Your assignment: The lines to print run from the top of the material below to the line with "We offer a number", inclusive; please copy them exactly, without pictures.

Supplied information:
# # # # #
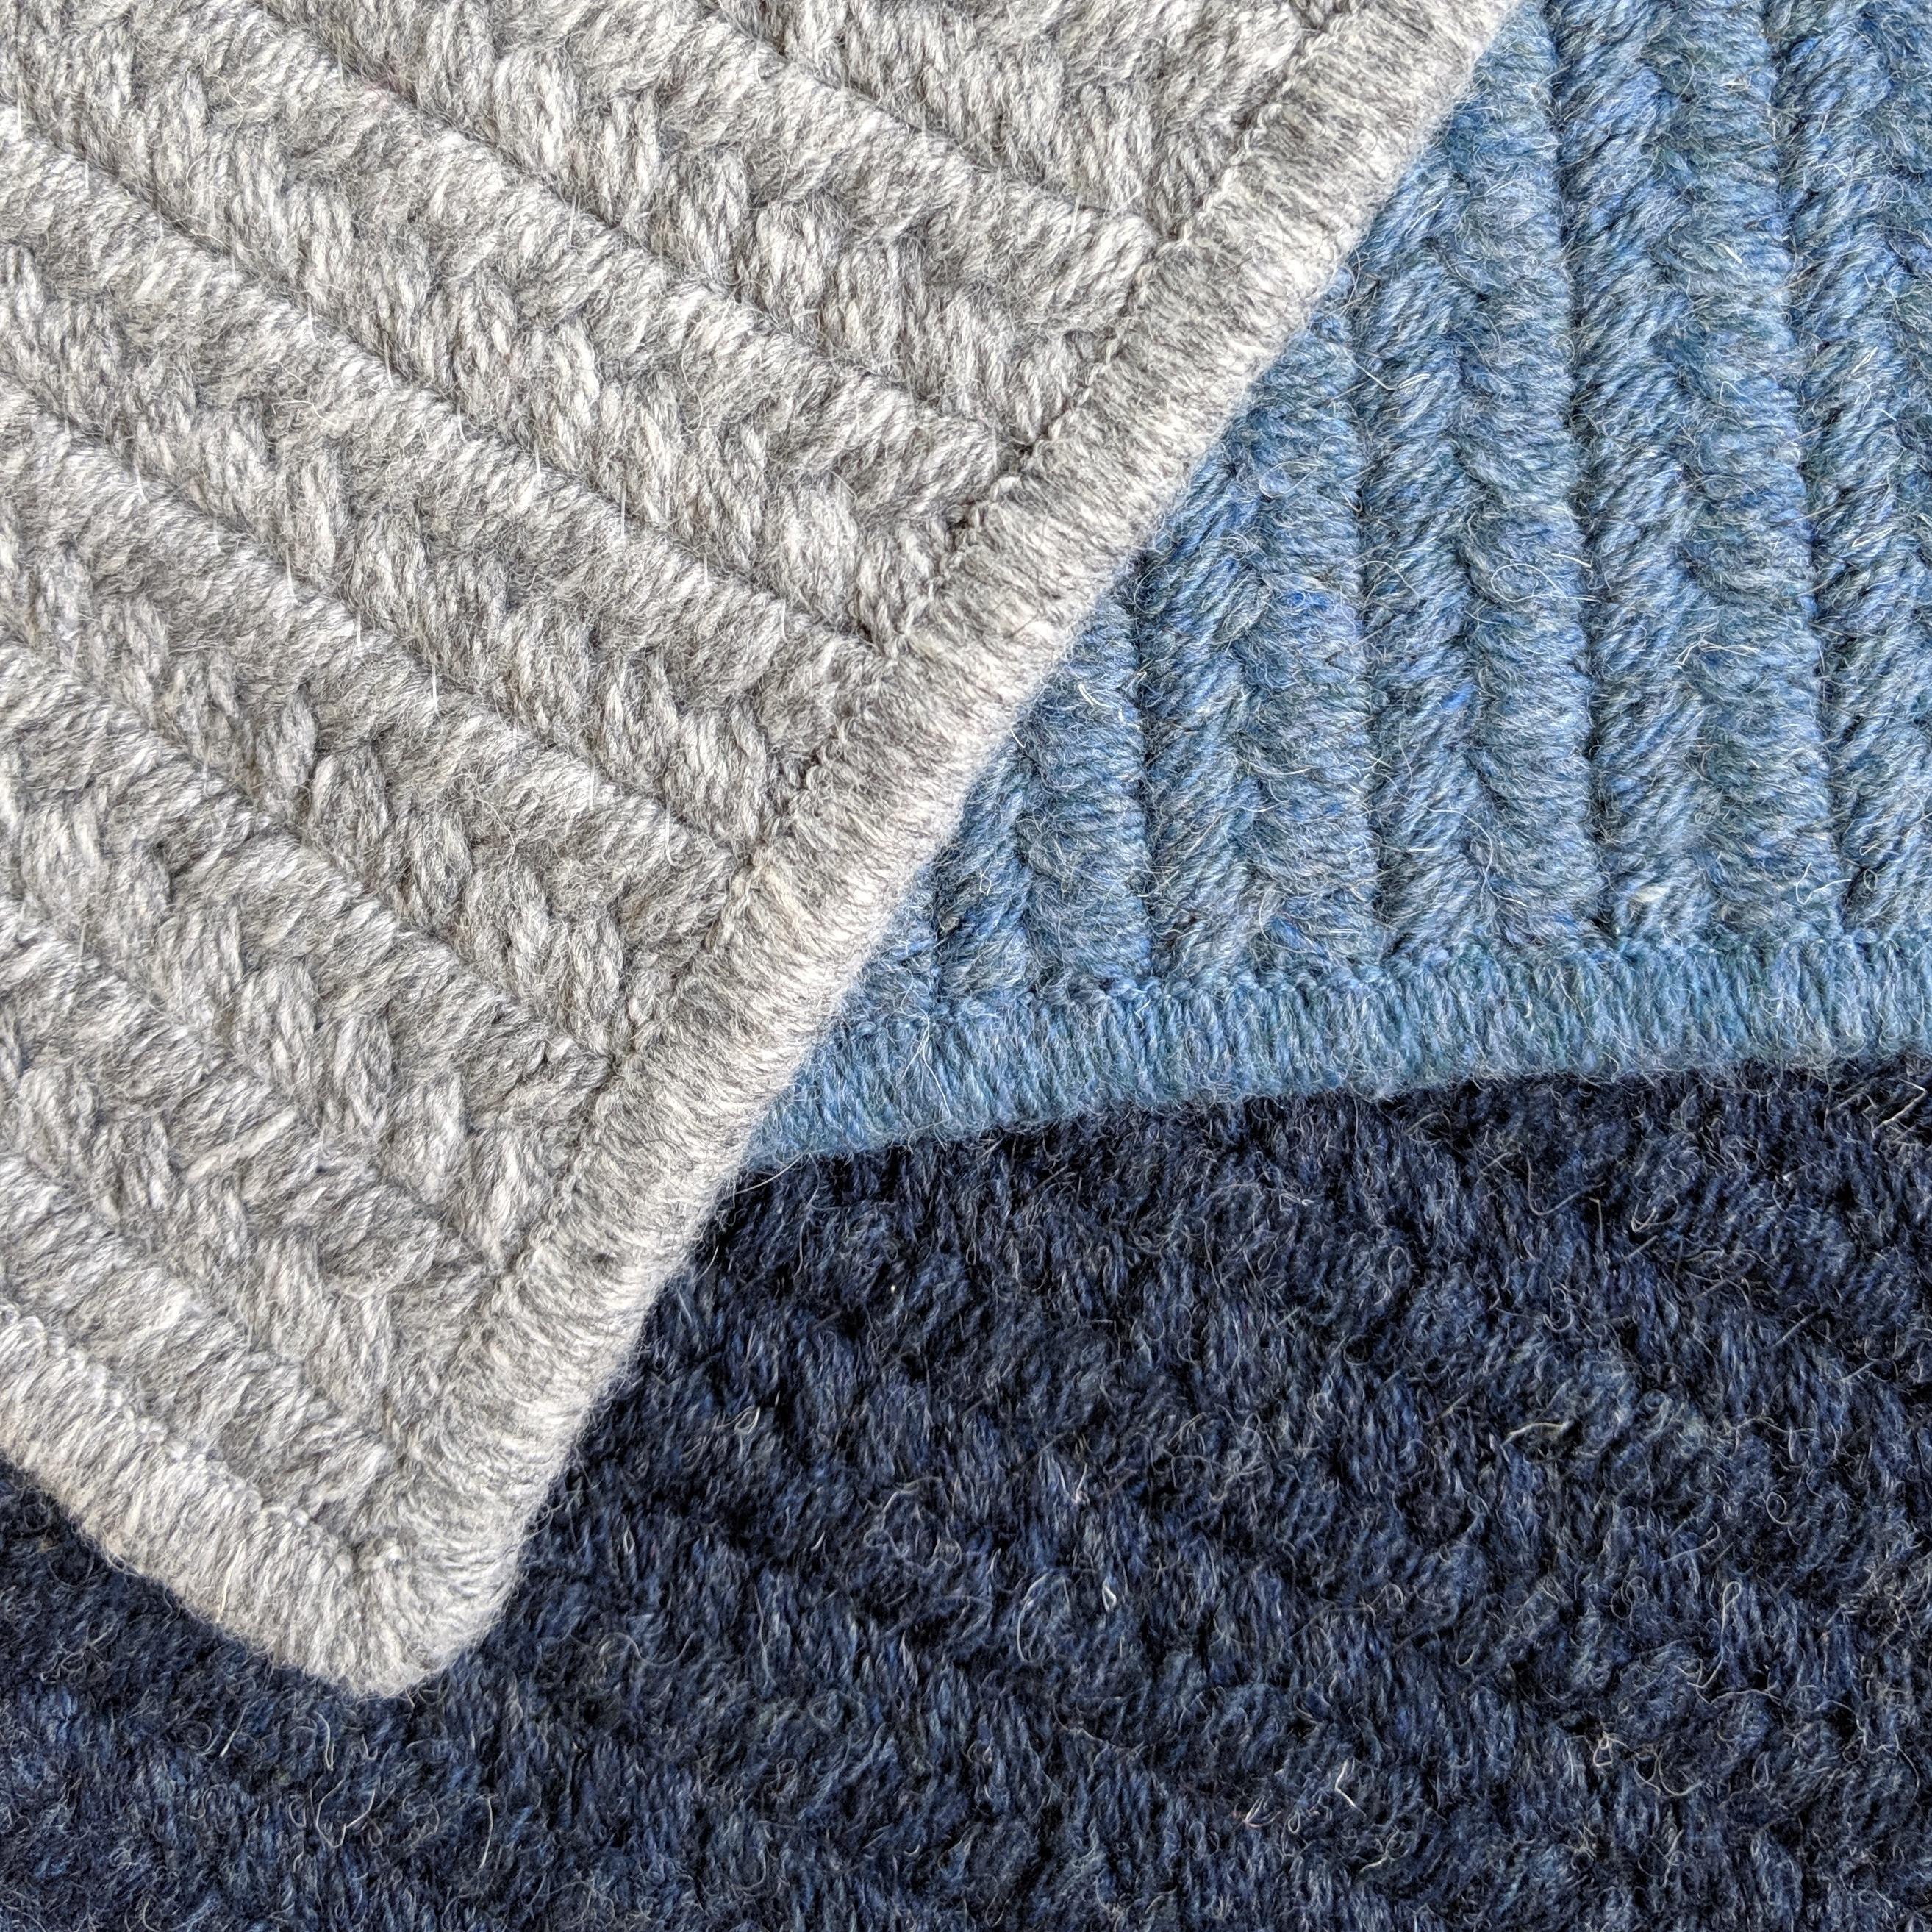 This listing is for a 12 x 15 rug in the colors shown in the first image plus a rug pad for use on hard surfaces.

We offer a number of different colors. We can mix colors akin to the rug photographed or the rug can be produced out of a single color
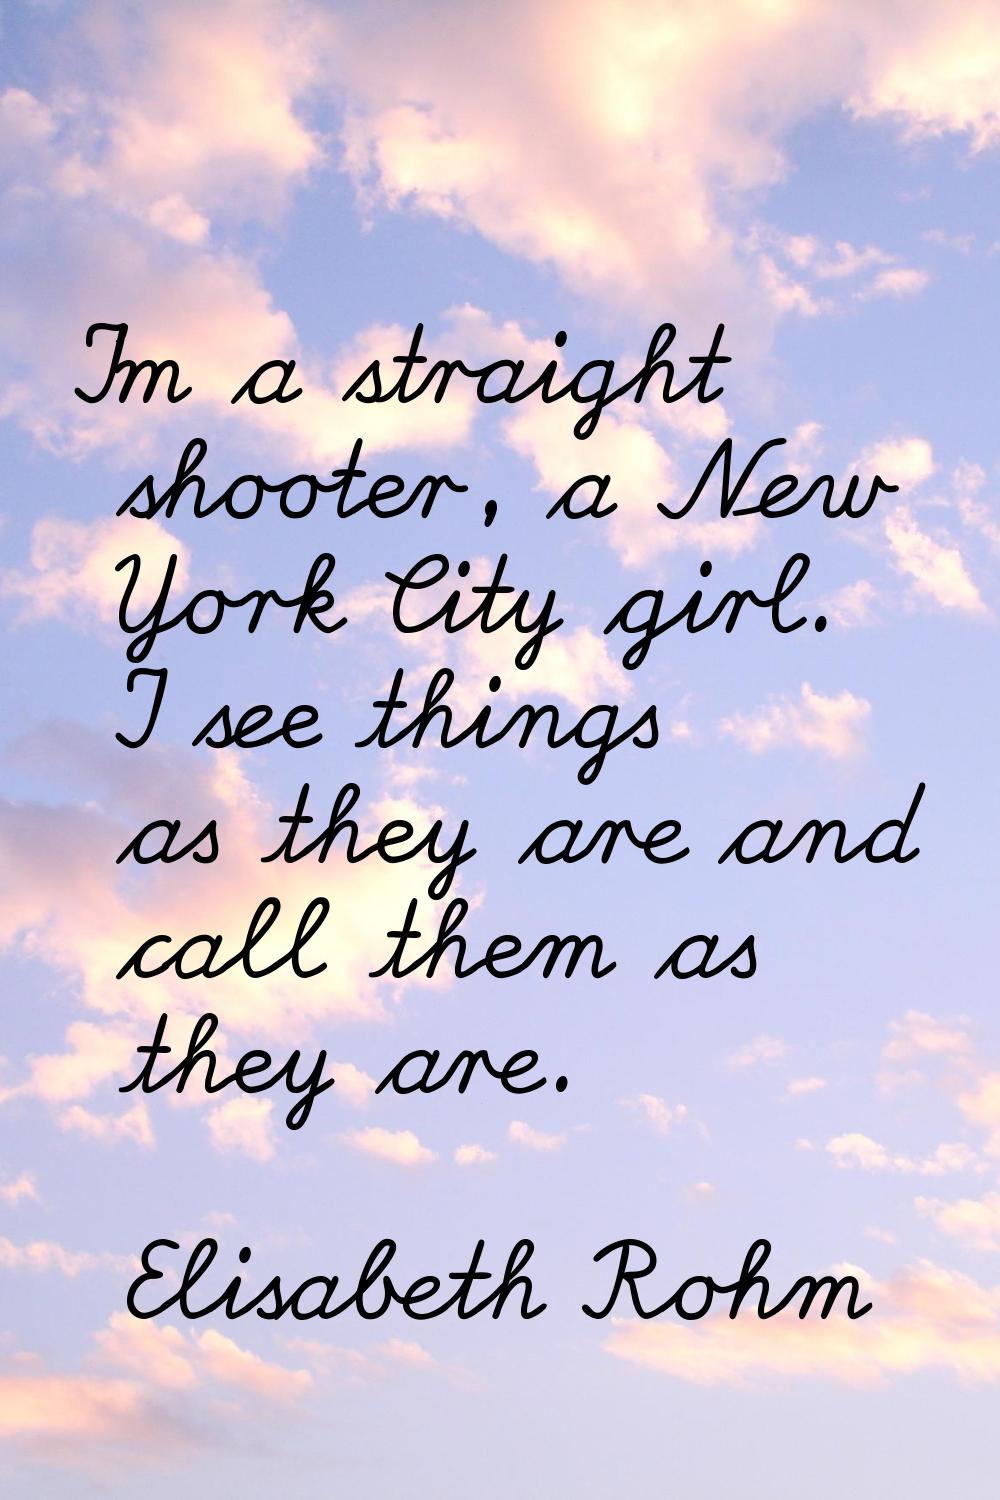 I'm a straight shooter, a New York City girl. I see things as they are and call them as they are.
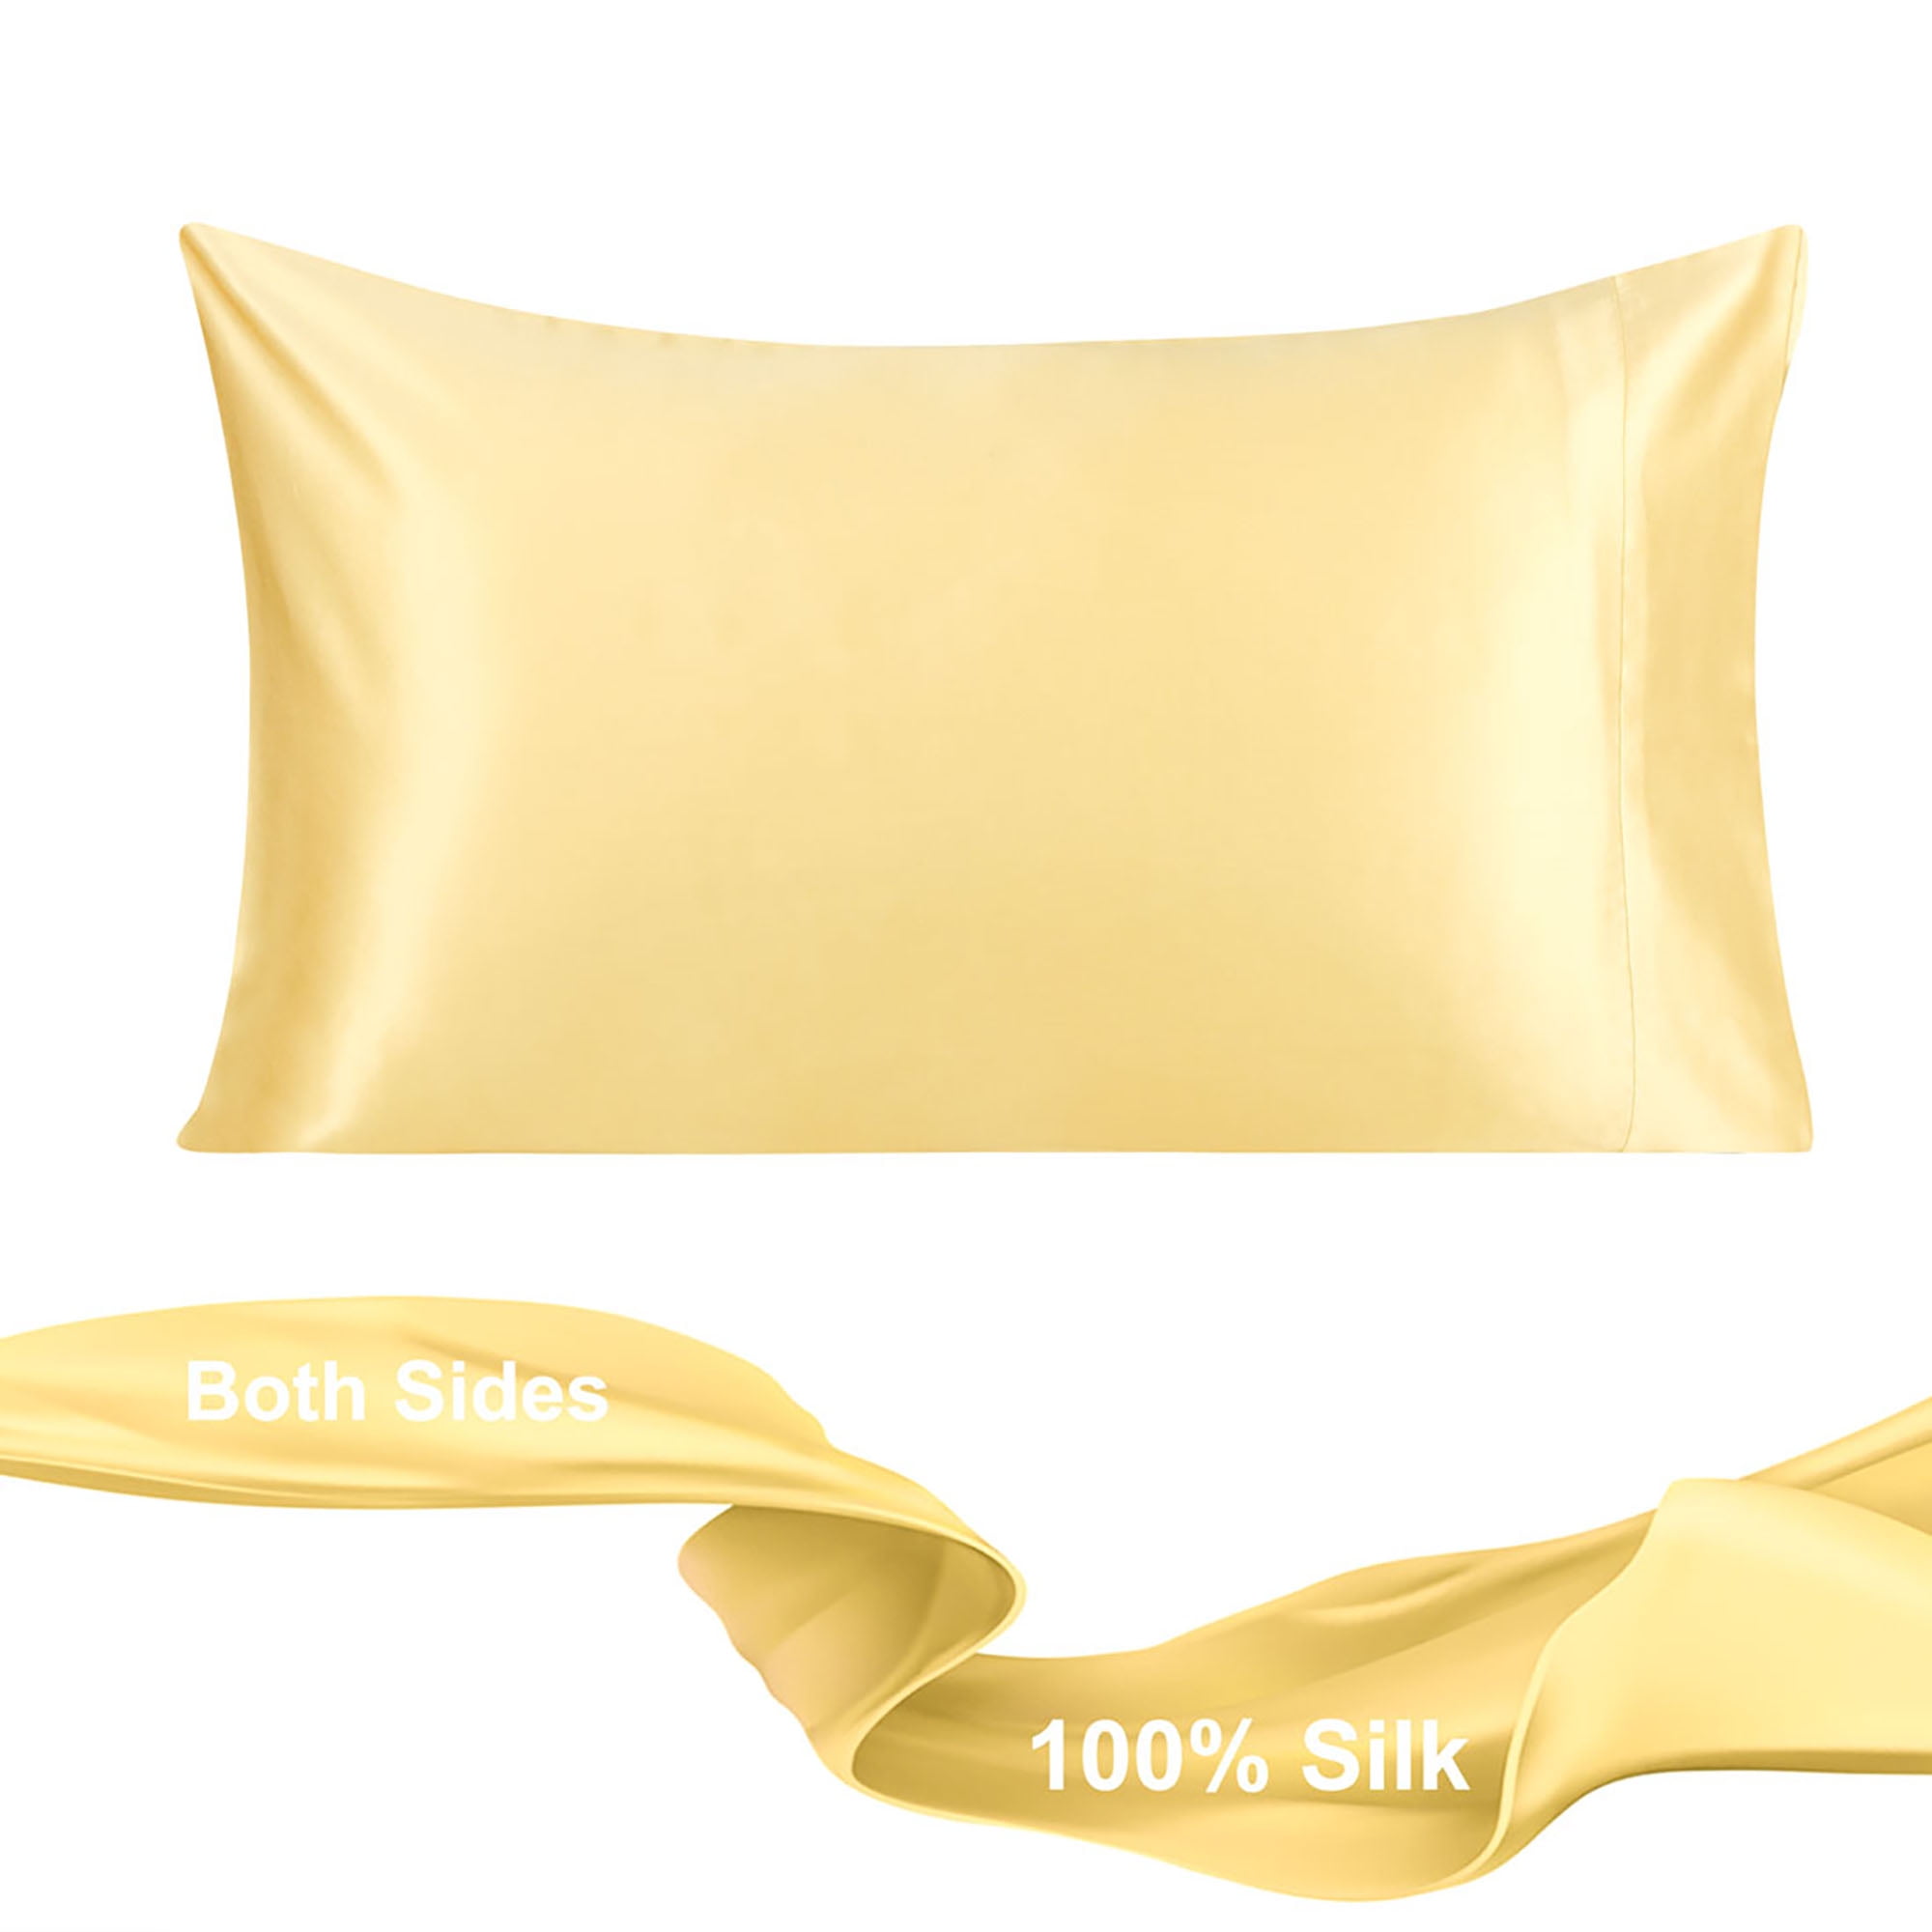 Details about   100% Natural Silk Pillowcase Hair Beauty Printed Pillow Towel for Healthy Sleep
# # # # #
Output below:
 This listing is for a 12 x 15 rug in the colors shown in the first image plus a rug pad for use on hard surfaces.

We offer a number of different colors. We can mix colors akin to the rug photographed or the rug can be produced out of a single color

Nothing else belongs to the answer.